Peruvian writer and Nobel Moon Mario Vargas Llosa die in 89

Llosa was an outstanding figure in the prosperity of Latin American literature in the 20th century. He won the Nobel Prize in Literature in 2010, and won works such as “Aunt Julia and Auntie in Script”, “Death in the Andes” and “The War of the Doomsday”.
Early on, he abandoned the socialist ideas his peers were working on, and his political and conservative views did not go well with many of the left-wing intellectual classes in Latin America.
Llosa ran for the president of Peru in 1990, saying he wanted to save his country from economic chaos and Marxist insurgency. However, he lost to Alberto Fujimori, an unknown agronomist and university professor at the time, who defeated the rebels but was later sentenced to jail for human rights crimes and corruption.

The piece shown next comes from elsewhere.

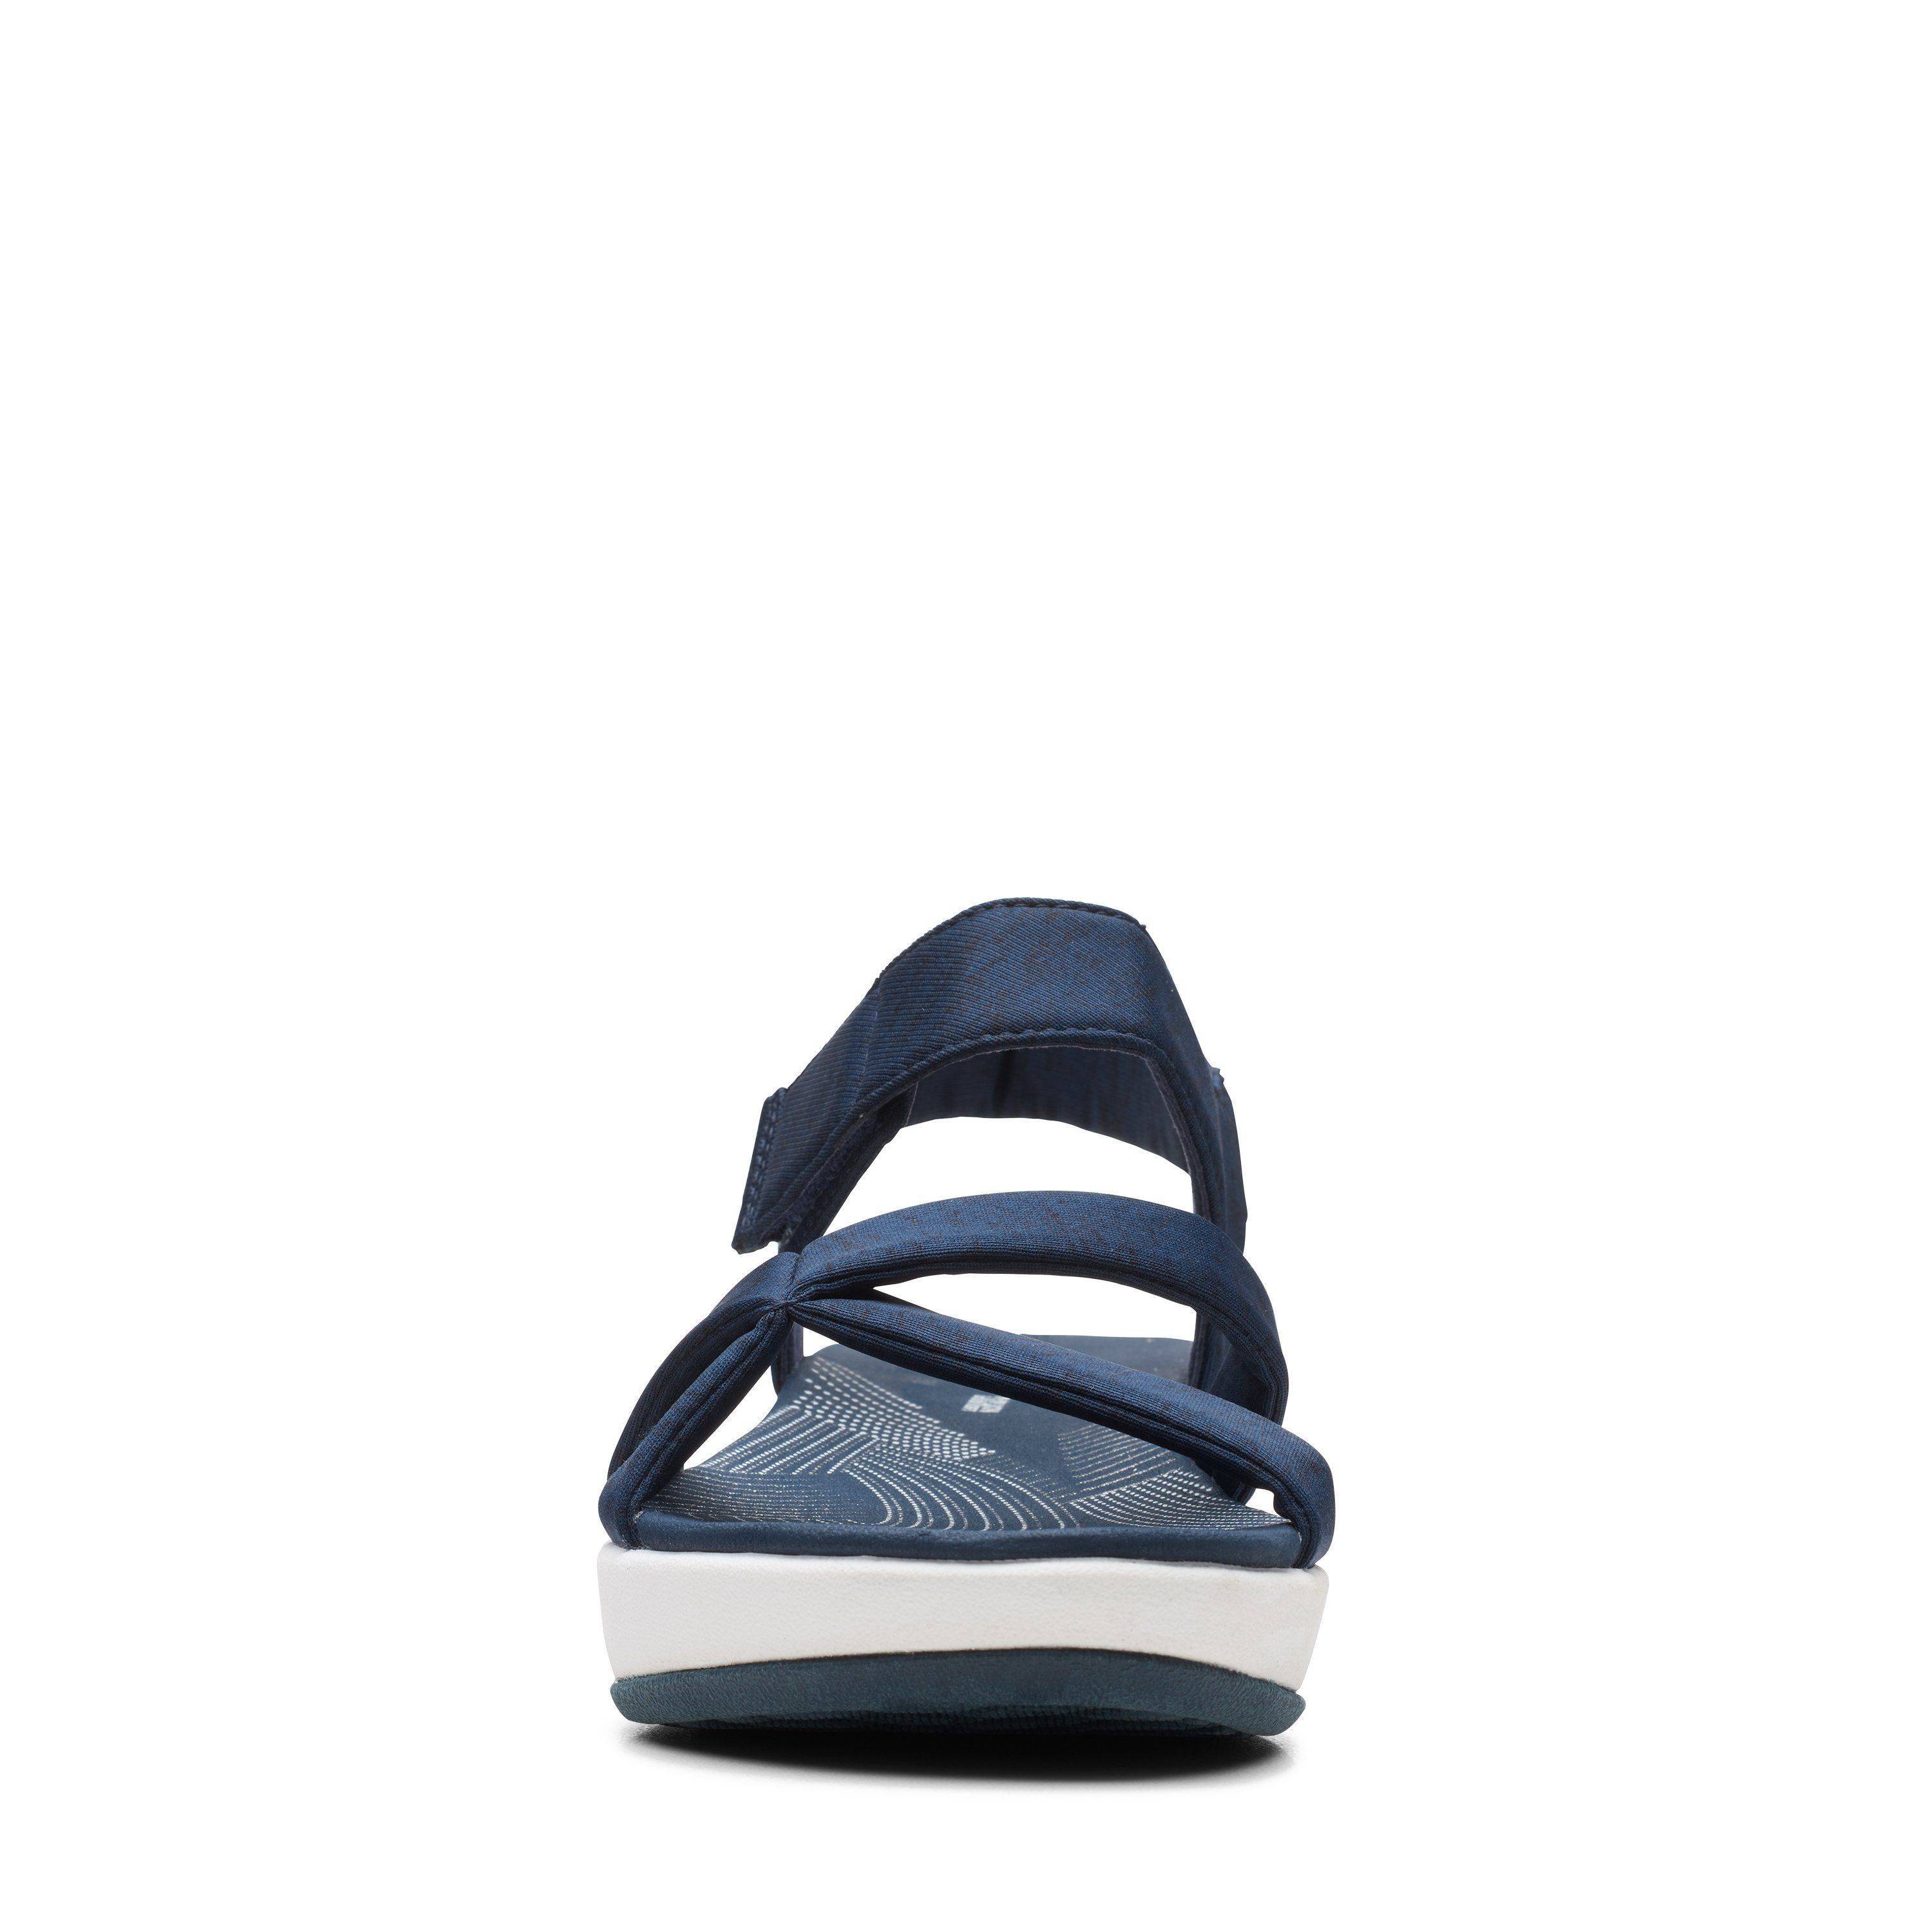 Женские сандалии Clarks, синие, цвет синий, размер 39.5 - фото 3

After his loss, the writer moved to Spain but remained influential in Latin America and criticized the new left-wing leader led by then-Venezuelan President Hugo Chavez.
In his novels, dramas and prose, Llosa tells the story from several angles and tries to move back and forth in time and switches the narrator’s form. His work spans genres and establishes his fundamental figures as a generation of writers who led the revival in Latin American literature in 1960. “Feast of Goats” (2000) details the brutal regime of the Dominican Republic dictator Rafael Trujillo, while “The End of the World” (1981) tells the true story of a fanatical missionary whose flock died in the deadly war with Brazilian troops in the 1890s.
Novels through experience
Llosa was born on March 28, 1936 in middle-class parents in Arequipa, Peru. He lives in Lima, the capital of Bolivia and Peru. Later, he made some Madrid but maintained influence in Peru, and he wrote articles about current affairs for the newspaper.
He often writes letters from personal experience and family, often based on his own life and his own life.
His critically acclaimed novel The Time of The Hero (1963), based on his teenage life at a military academy in Lima and his 1993 memoir Fish in The Water In Water, focusing on his 1990 presidential election.
The focus of other works is on the concerns of his country. “The Storyteller” (1987) deals with the conflict between the indigenous and European cultures of Peru, while “The Death of the Andes” (1993) tells the horrible time of the guerrilla movement.
Llosa constantly experiments with perspective and its subject matter. Bad Girl (2006) was his first attempt in a love story and was widely praised as one of his best stories.
In the 1970s, Llosa was a supporter of the Cuban revolution, condemning Fidel Castro and criticizing literary colleagues such as Colombian writers and Nobel Prize winner Gabriel Garcia Marquez.
In 1976, the two writers had a famous argument and beat each other outside the theater in Mexico City. A friend of Marquez said Llosa was unhappy that the Colombian comforted his wife during estrangement, but Llosa refused to discuss it.
His personal life deserves a novel itself, “Aunt Julia and Screenwriter” (1977) is loosely based on the story of his first marriage to Julia Urquidi when he was 19, who was only 10 years old and was the ex-wife of his mother’s brother.
His second wife was his first cousin, Patricia, but he left her in 2015 after 50 years to stay for singer Enrique Iglesias’ mother, Isabel Preysler. This relationship ends in 2022. He has three children, including Alvaro, and Patricia.